## REQUIRED WORK:
Since the copy must hold text only, transcribe the data below exactly and omit the images.

## DATA SECTION:
·····
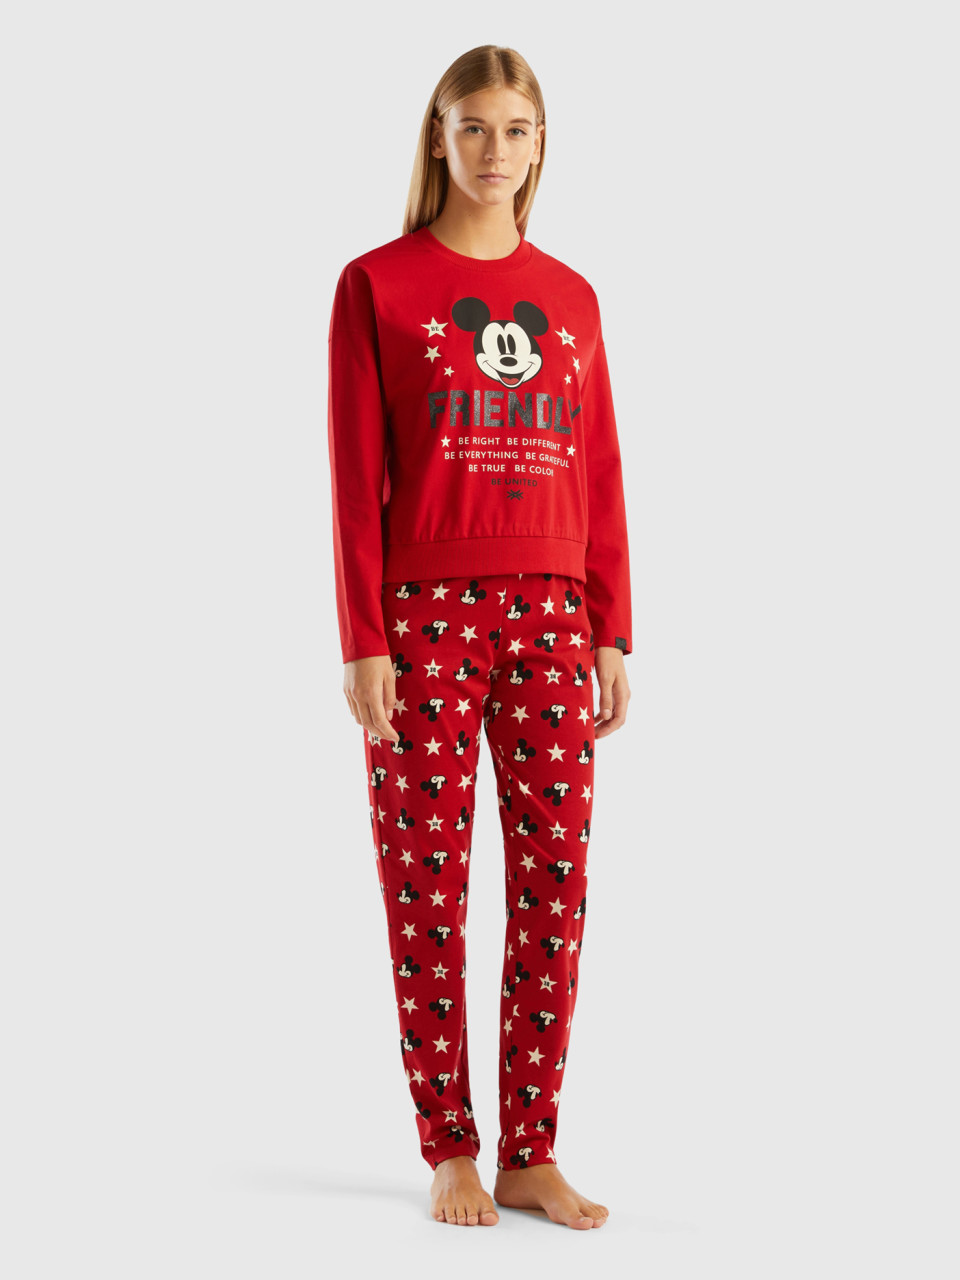 Benetton, Pyjamas With Neon Mickey Mouse Print, Red, Women
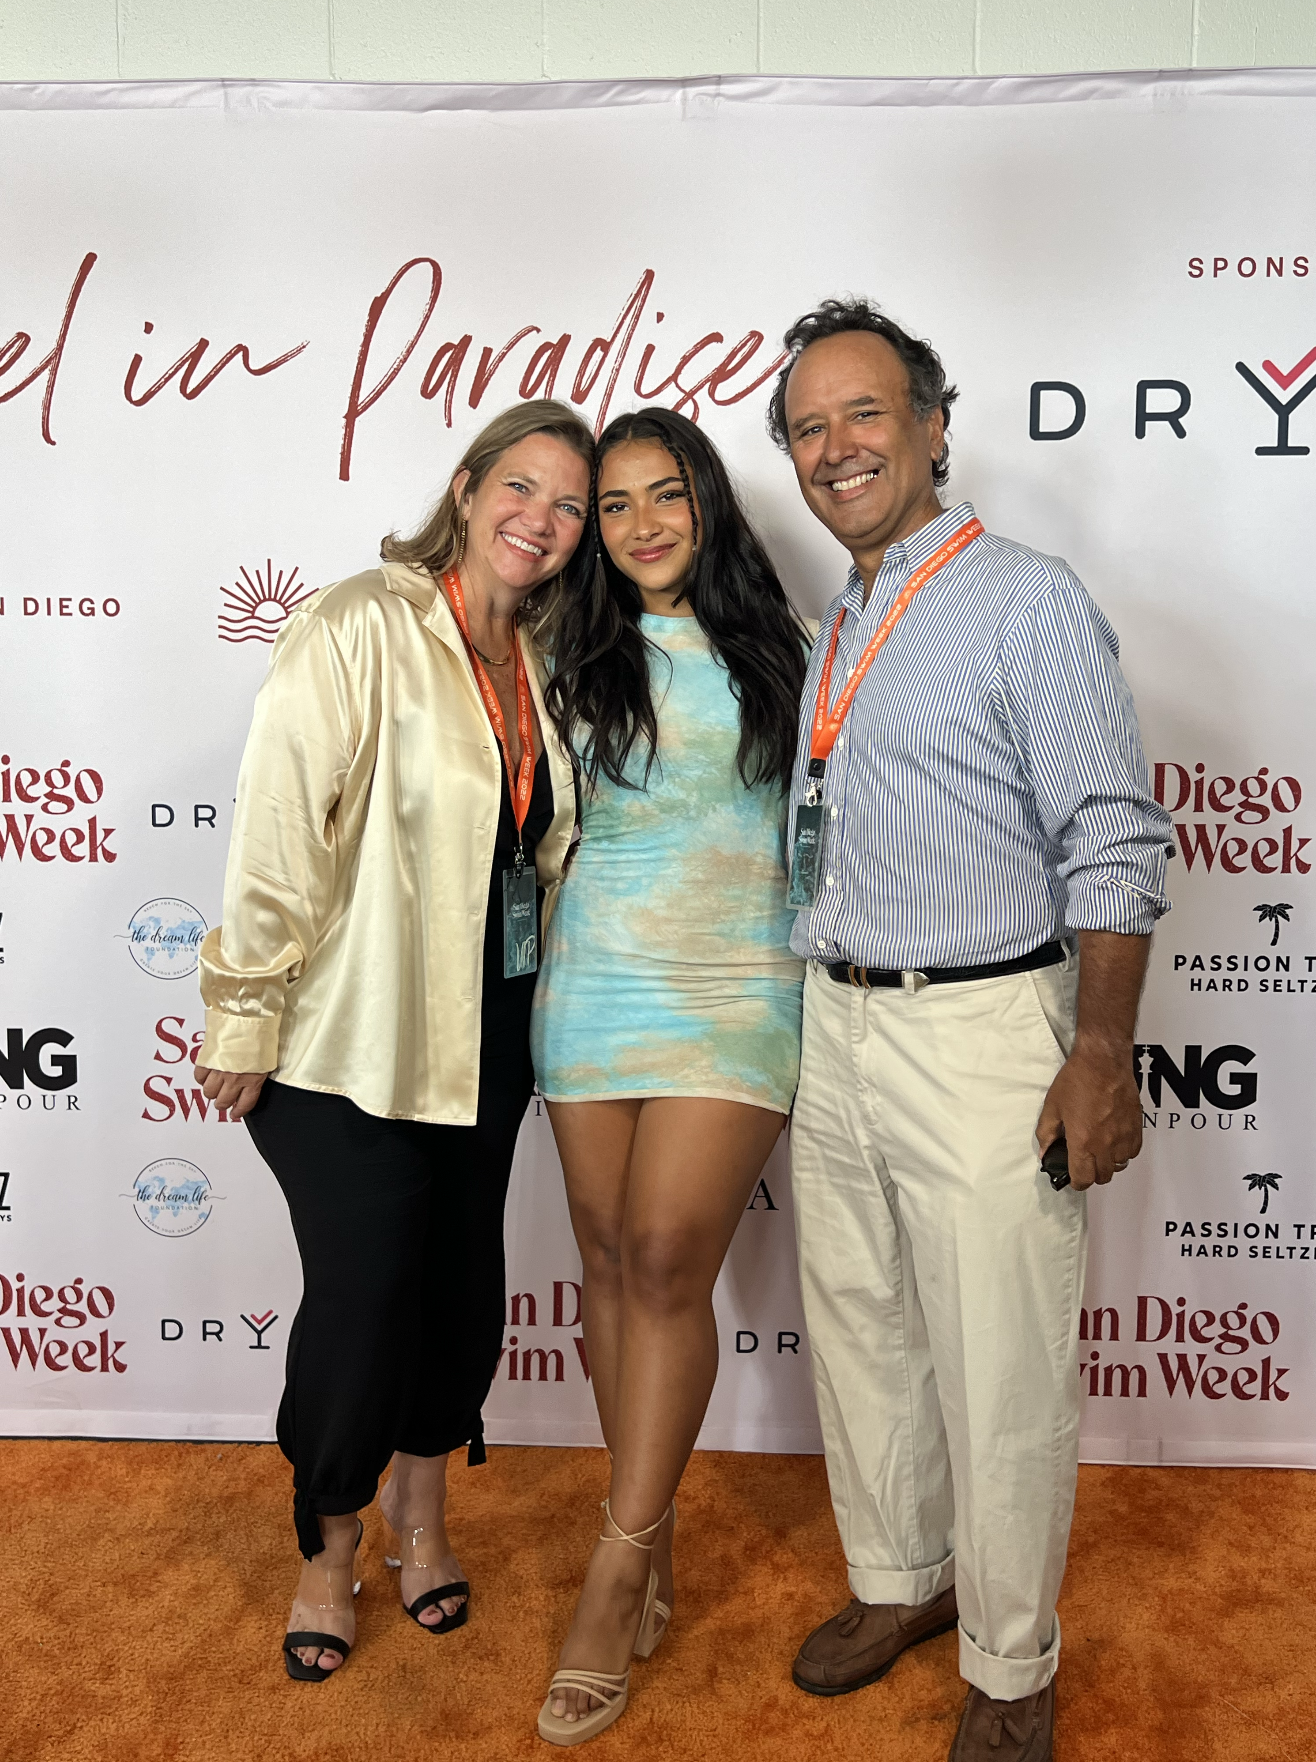 Sienna Mae Gomez poses with her parents at San Diego Swim Week fashion show
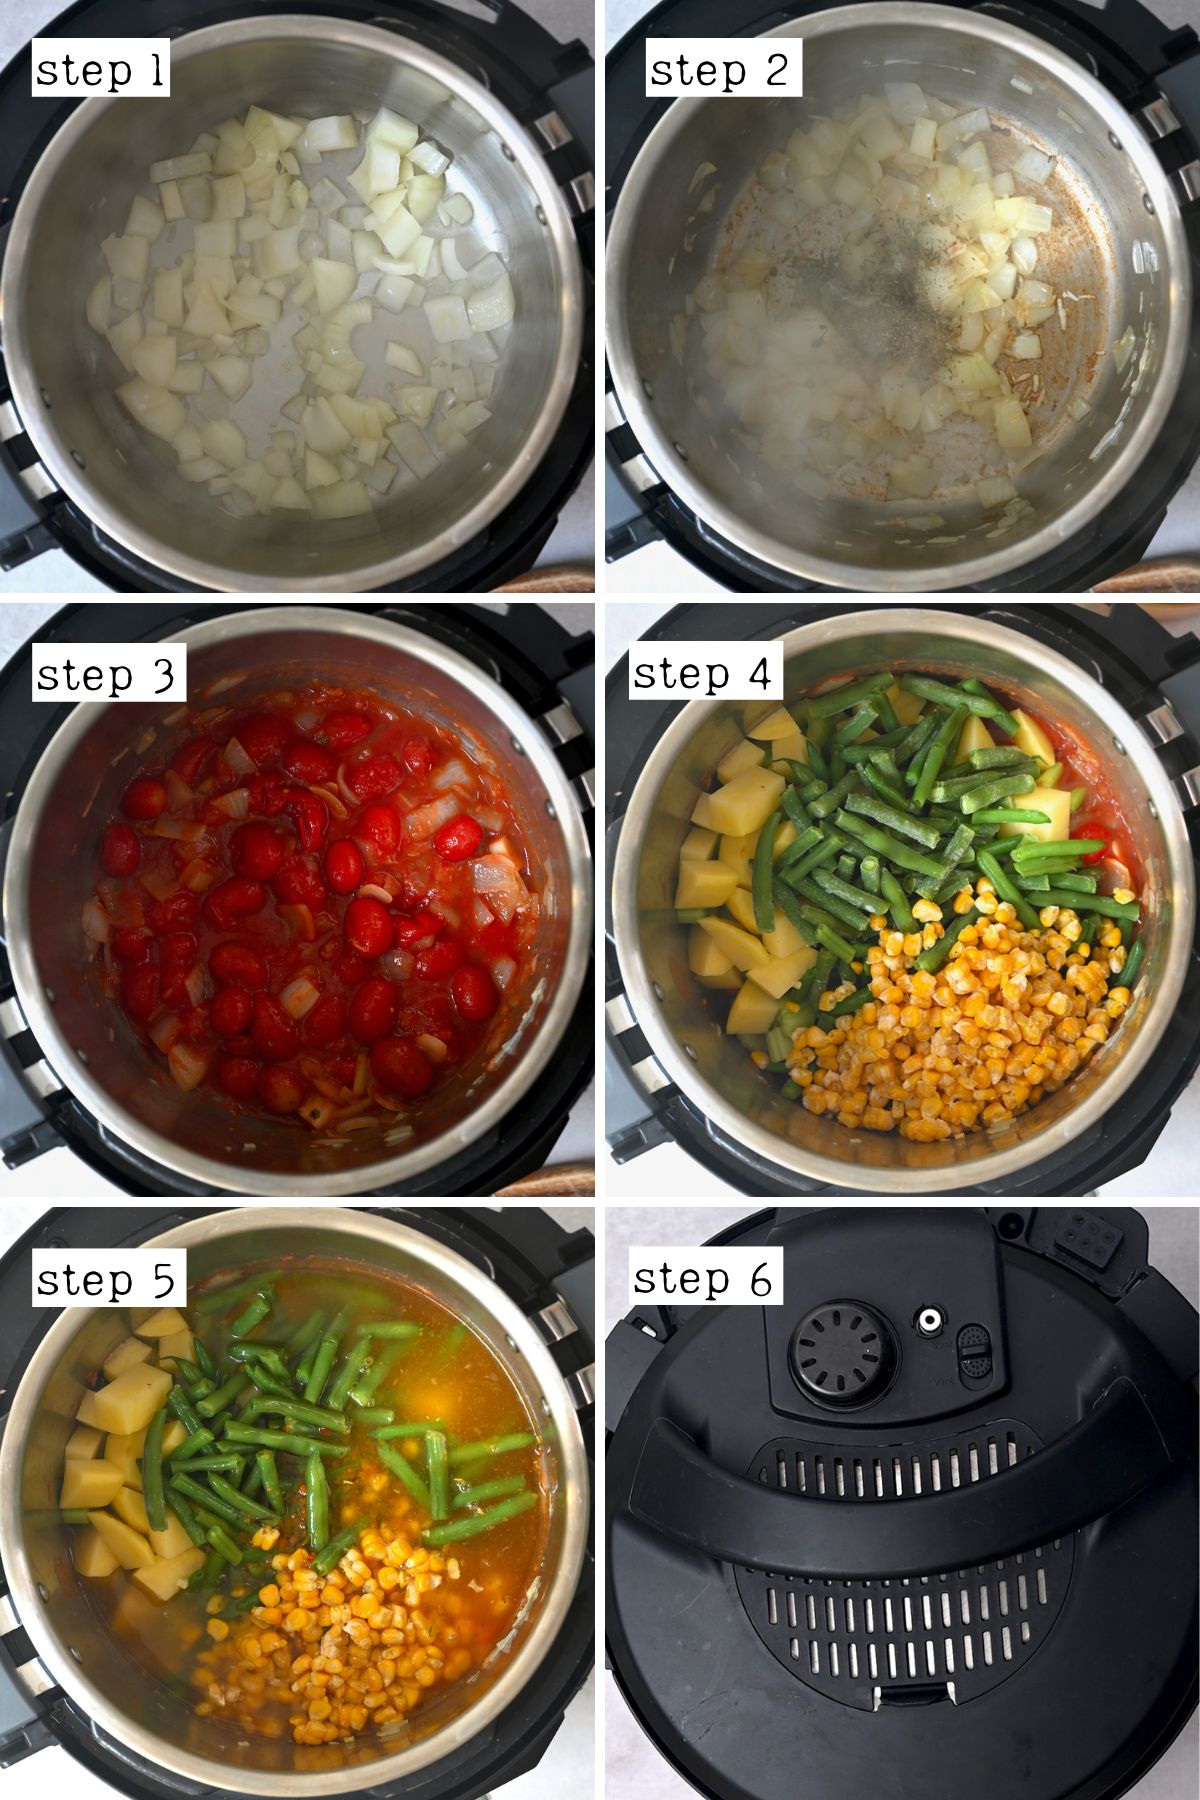 Steps for preparing vegetable soup
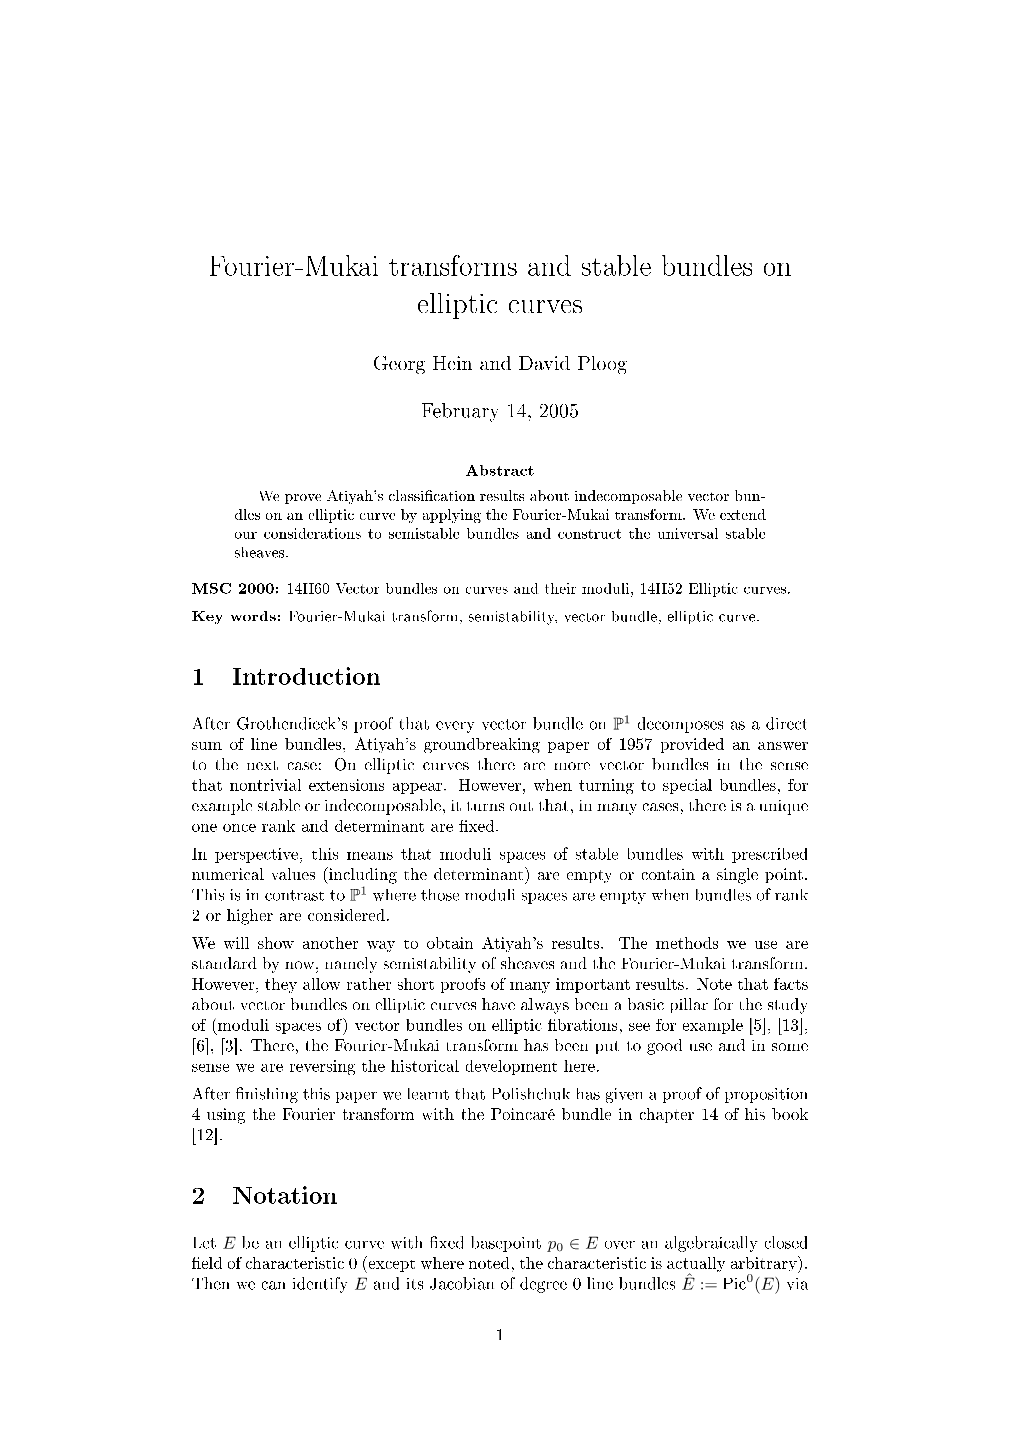 Fourier-Mukai Transforms and Stable Bundles on Elliptic Curves
·····
## EXERCISE ANSWER:
 Benetton, Pyjamas With Neon Mickey Mouse Print, Red, Women
 Sienna Mae Gomez poses with her parents at San Diego Swim Week fashion show
 Steps for preparing vegetable soup
 Fourier-Mukai Transforms and Stable Bundles on Elliptic Curves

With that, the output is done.